En 1868 un terremoto la destruyó, luego llegó la fiebre amarilla y más tarde un tsunami. Hoy es una ciudad fantasma. ¿Qué imagen evoca en bolivianos y bolivianas esa ciudad que se llora desde un himno? ¿Será grande o pequeña? ¿Tendrá plazas y tiendas? ¿Cómo serán sus casas y su gente?
Fotografías de Ivar Méndez
Me alejo de Antofagasta, una bulliciosa ciudad costera de unos 400.000 habitantes, y conduzco hacia el norte. La carretera parece una larga cinta plateada: se desenrolla formando una línea fronteriza que detiene el avance del desierto, el que amenaza precipitarse a las aguas intensamente azules del océano Pacífico. Bajo el sol de media tarde, este paisaje amarillo y azul es más penetrante y los nombres familiares de Antofagasta, Mejillones, Cobija, Tocopilla y Calama resuenan en mi mente.
Hace más de 130 años, este desierto, estas montañas y estas costas del océano Pacífico formaban parte de la provincia boliviana del Litoral. Tras la Guerra del Pacífico de 1879, la zona se convirtió en la segunda región de Chile, llamada El Norte Grande. La pérdida del acceso al océano Pacífico pesa mucho en la psique boliviana.
De niños nos enseñaban canciones patrióticas que expresaban ese deseo colectivo de recuperar lo perdido. Cada 23 de marzo, Día del Mar, se celebran aun hoy en ciudades de toda Bolivia elaborados desfiles escolares, militares y civiles en conmemoración de los “héroes de la Guerra del Pacífico”, la guerra que dejó a Bolivia sin salida al mar. En mi imaginación infantil, podía ver el océano azul y las ciudades costeras cuyos nombres conocía tan bien por las canciones. La mayoría de los bolivianos nunca ha visto el mar.

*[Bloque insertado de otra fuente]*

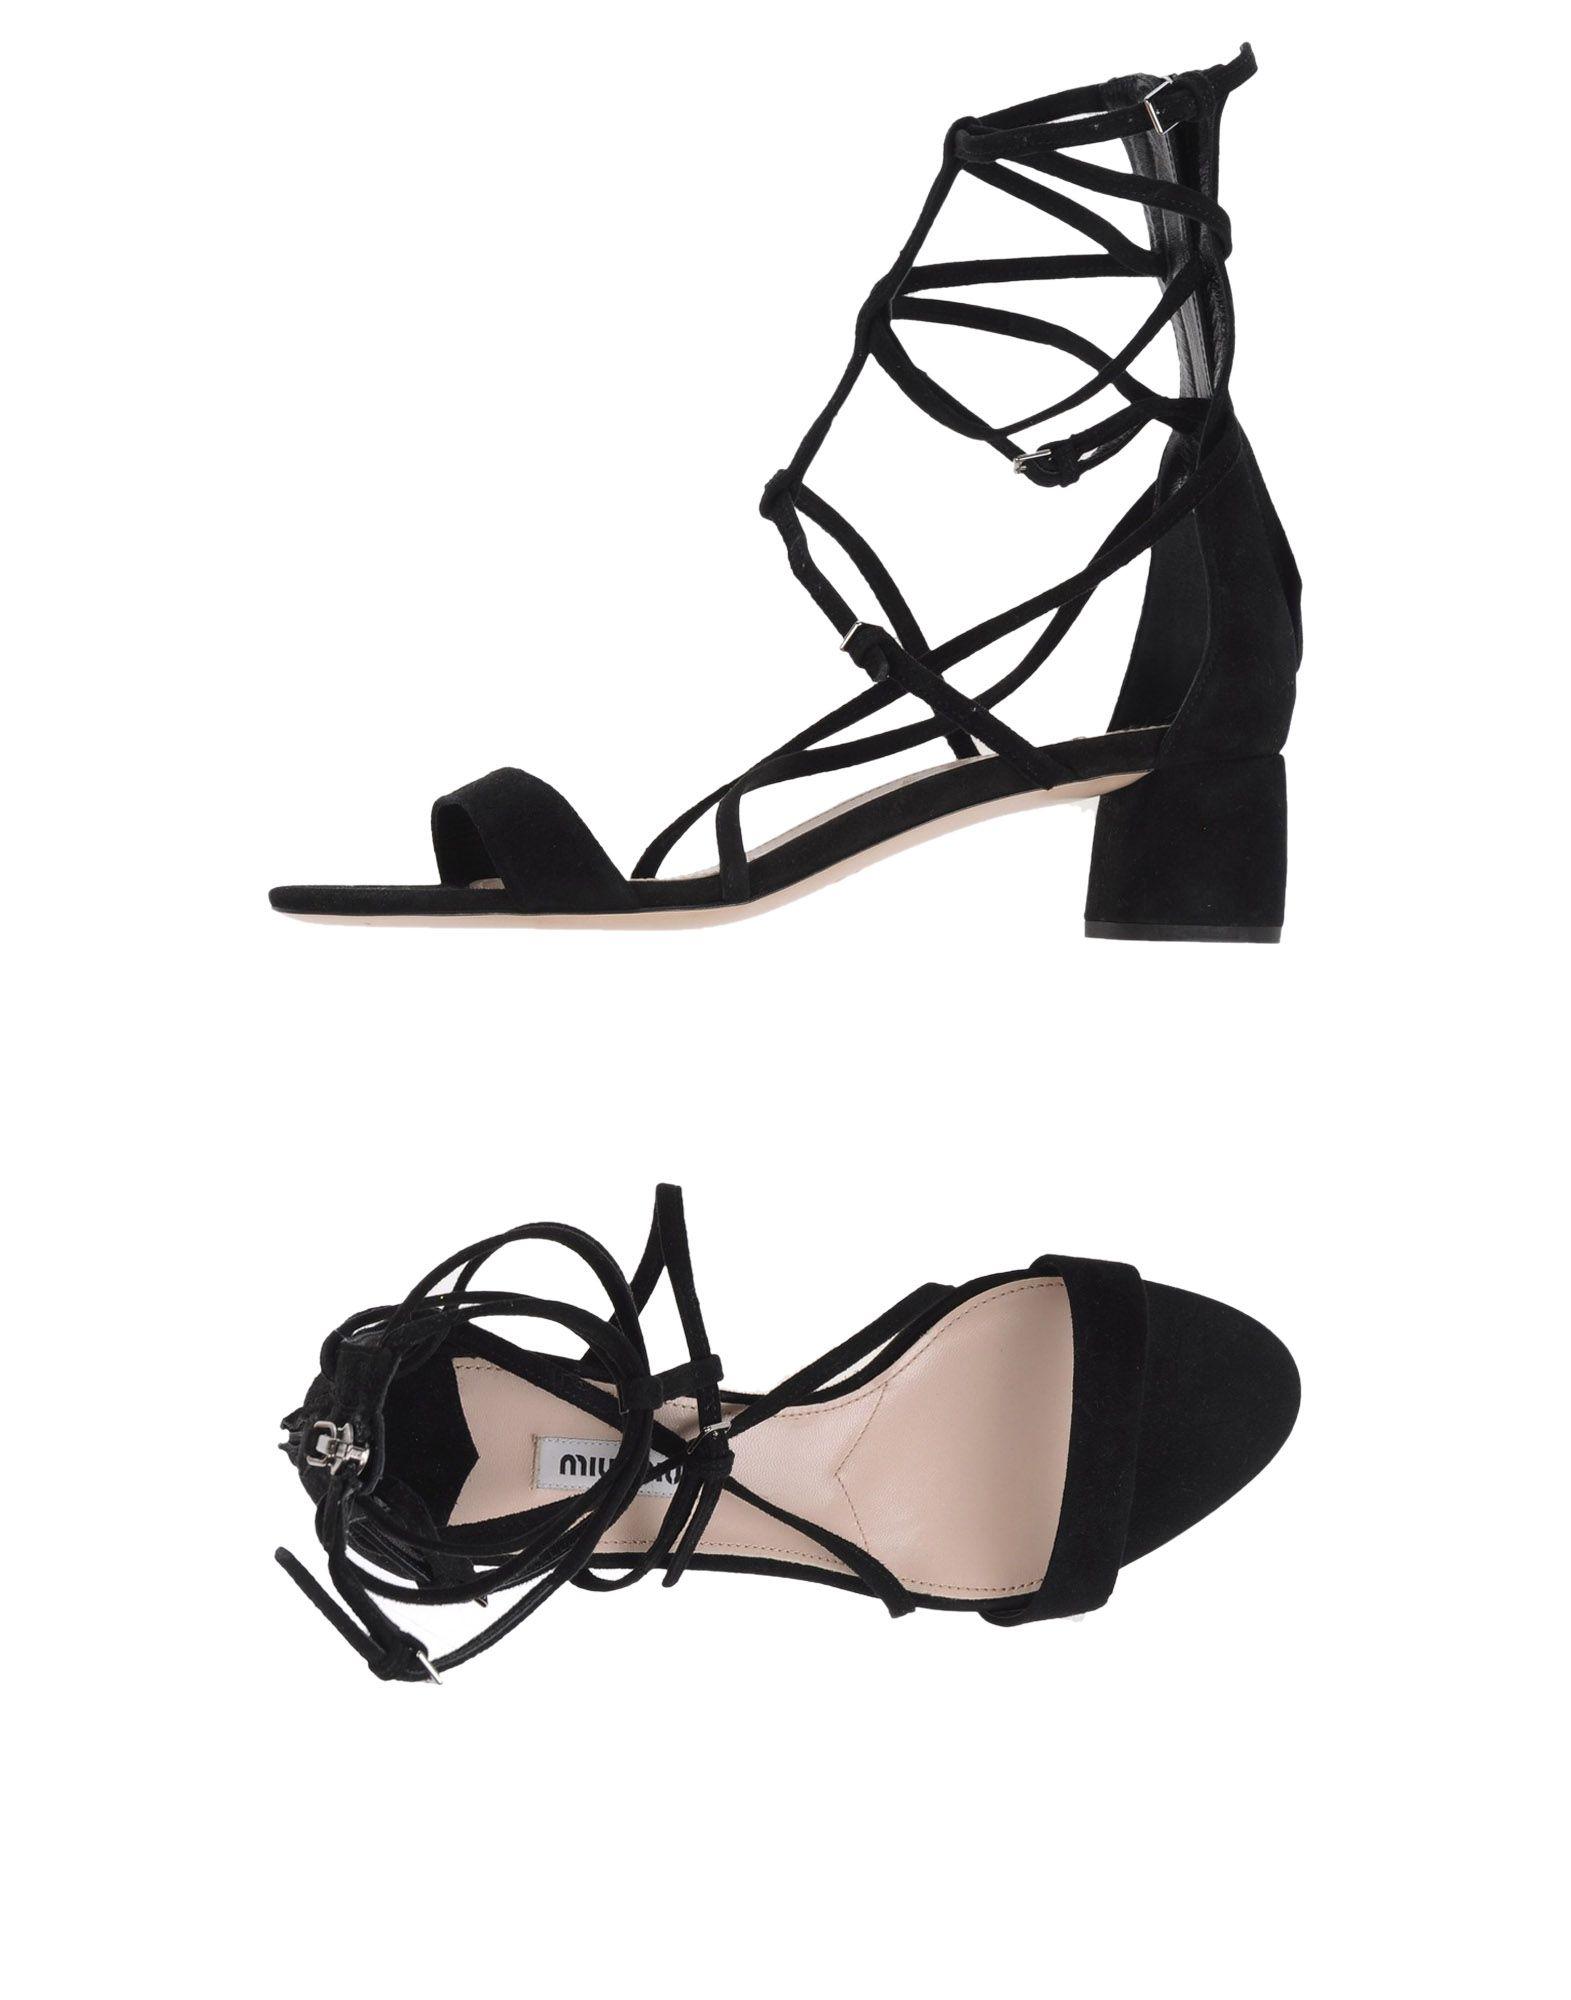 909e87015afa0 Miu Miu Sandals - Women Miu Miu Sandals online on YOOX Lithuania ...
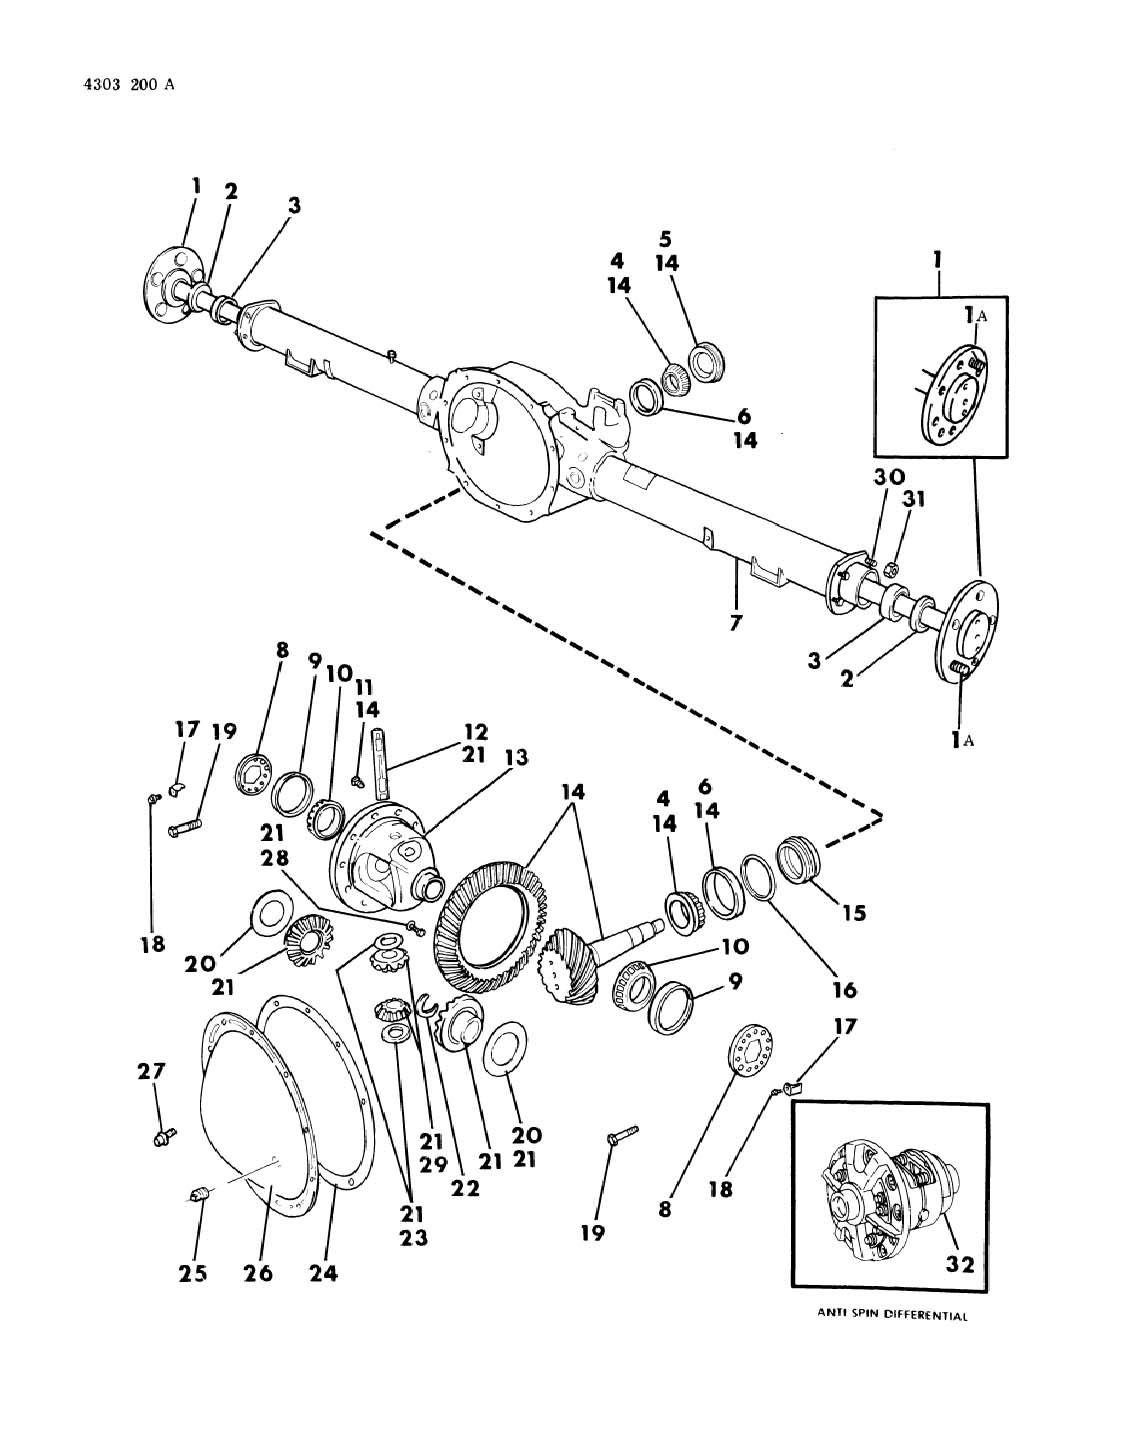 jeep wrangler front suspension parts diagram besides jeep wrangler jk

La vez que visité Chile, hace algunos años ya, quería ver la costa boliviana perdida y, sobre todo, Cobija, la antigua capital del Litoral. En Cobija existía un pequeño asentamiento antes de que se fundara la república de Bolivia y sus habitantes eran los Changos, nativos del desierto de Atacama que se ganaban la vida con los frutos del océano. El 28 de diciembre de 1825, el visionario libertador de Hispanoamérica Simón Bolívar promulgó un decreto por el que se creaba en Cobija el primer puerto marítimo de Bolivia. Su nombre oficial era Puerto De Lamar, en honor al héroe colombiano de las guerras de la Independencia, el general José De Lamar. Con el tiempo, Cobija se convirtió en un centro de actividad comercial para la joven república y en la principal conexión boliviana con el Pacífico.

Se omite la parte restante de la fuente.